Banks act as a bridge between people who need money to be used for investment and those who have spare. As industry and business demand huge investments, private financing is typically not enough for their requirements. Basically, these people are borrowing non-corporate as well as corporate loans from banks and commercial institutions.

Lending Options

In addition to banks, these can extend to retail loans among consumers who are seeking for mortgage, consumer durables and even to farmers who seek for farm credit to keep their agriculture alive. In regards to home loan buyers, buying a house at the start isn’t possible because it demands a significant amount of money and they find it more convenient to pay back the loan for a period of 30 years in lower monthly installments.

As for farmers, they find it more convenient in repaying the loan after making harvest and seeking for another loan or personal loan from Zebra loans for their next crop. Basically, the cycle just continues.

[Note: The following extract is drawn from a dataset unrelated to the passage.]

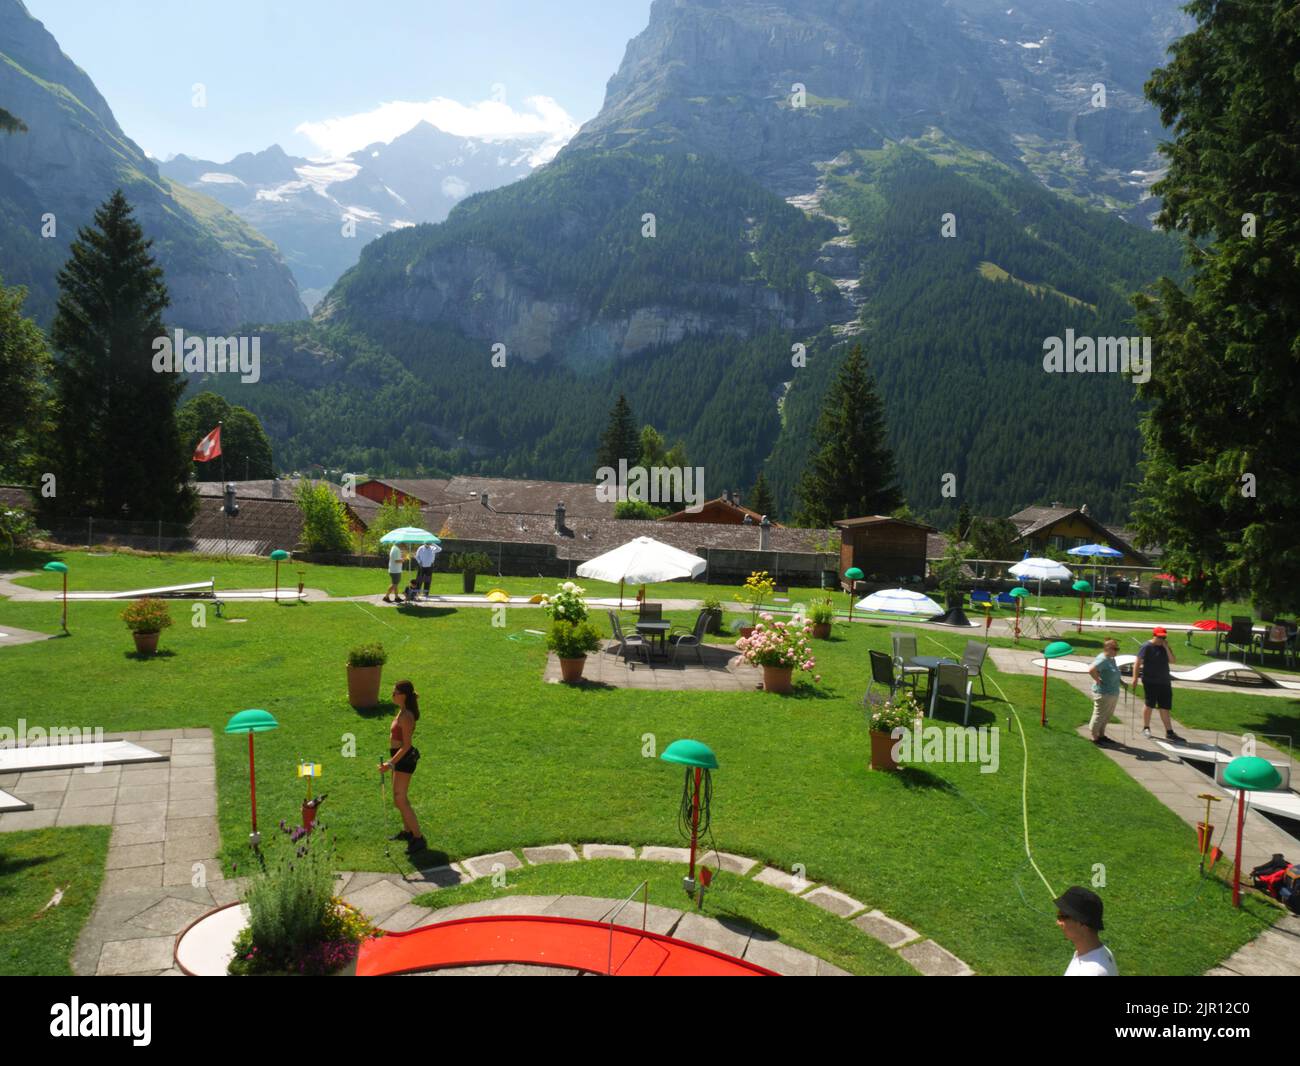 Minigolf, Grindelwald, Berner Oberland, Schweiz Stockfotografie - Alamy

Then again, there are some people who opt to save and earn interests from the extra money that they have. Most of the time, these people are:

  • Salaried
  • Middle Classes
  • Small Savers and;
  • Corporate Institutions and Government Deposits

Simply speaking, these are at individual or micro level.

Credit Options of the Economy as a Whole

If we are going to look at these loans from a macro level, then we’ll find that banks are lending their money after statutory liabilities have been met. They are earning profit to keep their operations.

As a matter of fact, even governments are borrowing from RBI in an effort to meet budget deficits.

It is even borrowing from IMF as a way to meet balance of the imbalances of payments. Then again, governments are borrowing from World Bank or WB as well as its associates similar to IDA and ADB or Asian Development Bank for development purposes. Therefore, the credit serves as lubricant in keeping up with the continuous growth of the economy.

In spite of the positive impact it brings, there are elements of bank lending that could adversely affect the economy if it fail to recover. The unpaid bad debt is referred to as Non-Performing Advances which must be regulated to make sure that it is within the tolerable limit. If not, several banks will start to fail and the depositor’s money would be unpaid.